# Marlin .45-70????



## archaudio (Sep 6, 2005)

I have been looking for a good all around utility gun that will also be good for big game (moose, bear, elk) I have been thinking about the Marlin 1895GS .45-70 (I like the quick lever action). Does anyone have any experiance with this model and is this a good choice for this application?

Thanks,
Archaudio


----------



## Whelen35 (Mar 9, 2004)

I have one of the guide guns, and really like it a lot. Fast to get on target, hits very hard, and easy to cary. Loaded up with the Hornady 350gr bullets you would have a 200yd gun for the game you spoke of. Loaded up with the Speer 400gr bullet (the best I think) you can get up arround the 1800-1900fps. This is not quite a 200yd load, but I have a recovered bullet that went through a 4 inch sapeling, a very large deer, and I dug it out of a tree about 20yds past the deer. It measures 1 and 1/8 inch frontal dimameter.
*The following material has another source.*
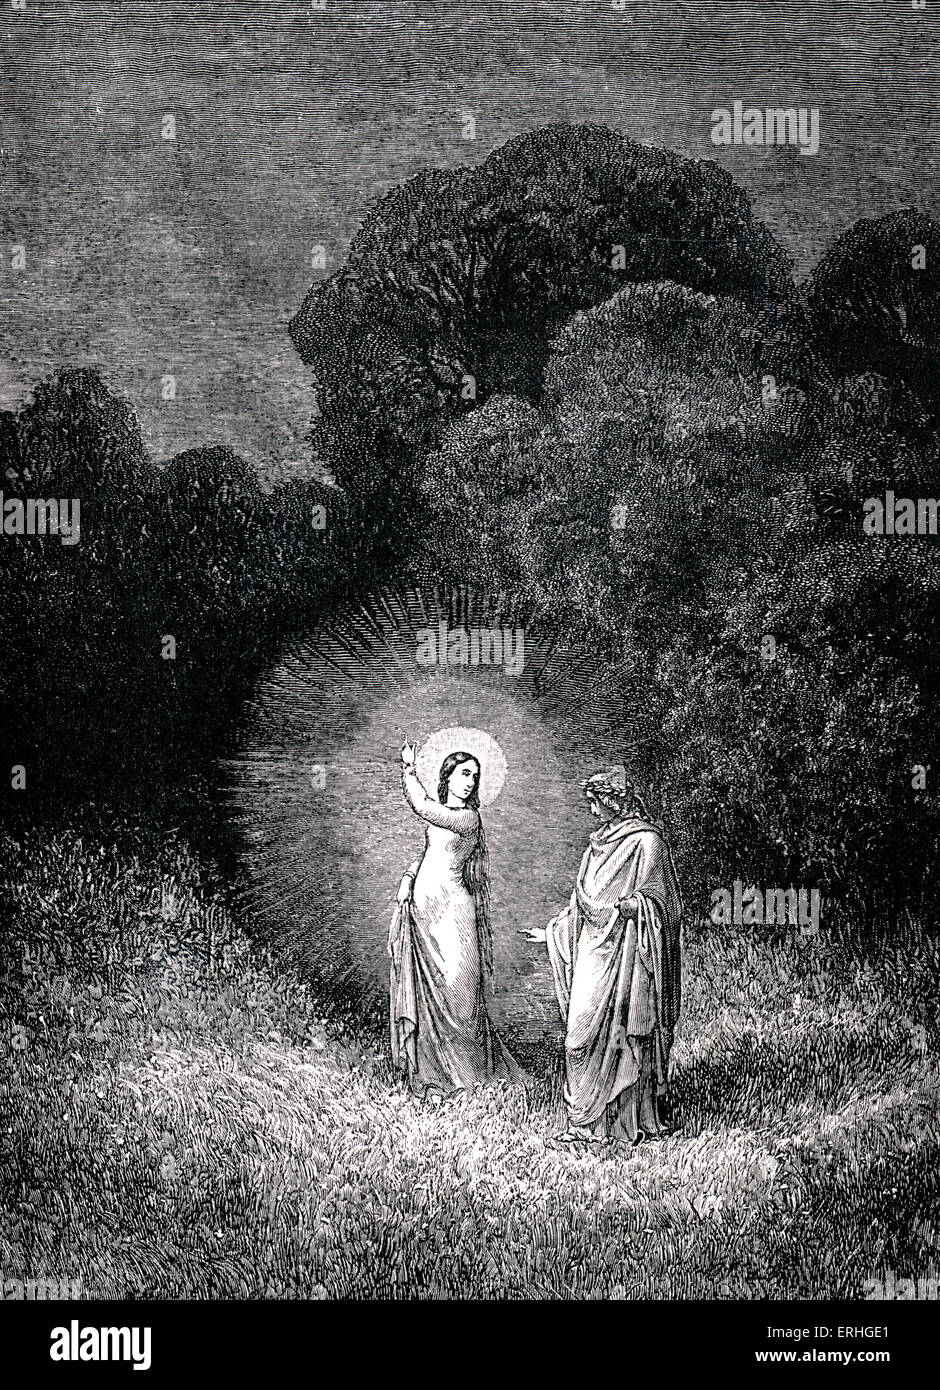 "La Divina Commedia, Hell' di Dante Alighieri - La Divina Commedia, l'Inferno - Canto II (2). Illustrazione di Gustave Doré per Foto Stock

Get one shoot it, and you will be very happy.


----------



## Bore.224 (Mar 23, 2005)

I had a simular gun in the Marlin .444. Kicks like a mule ammo expensive, but very accurate and hard hitting. If I where you I would look to the 480 its supposed to be an improvement on the 45-70. But either way anything shot with these cartidges will be very dead.


----------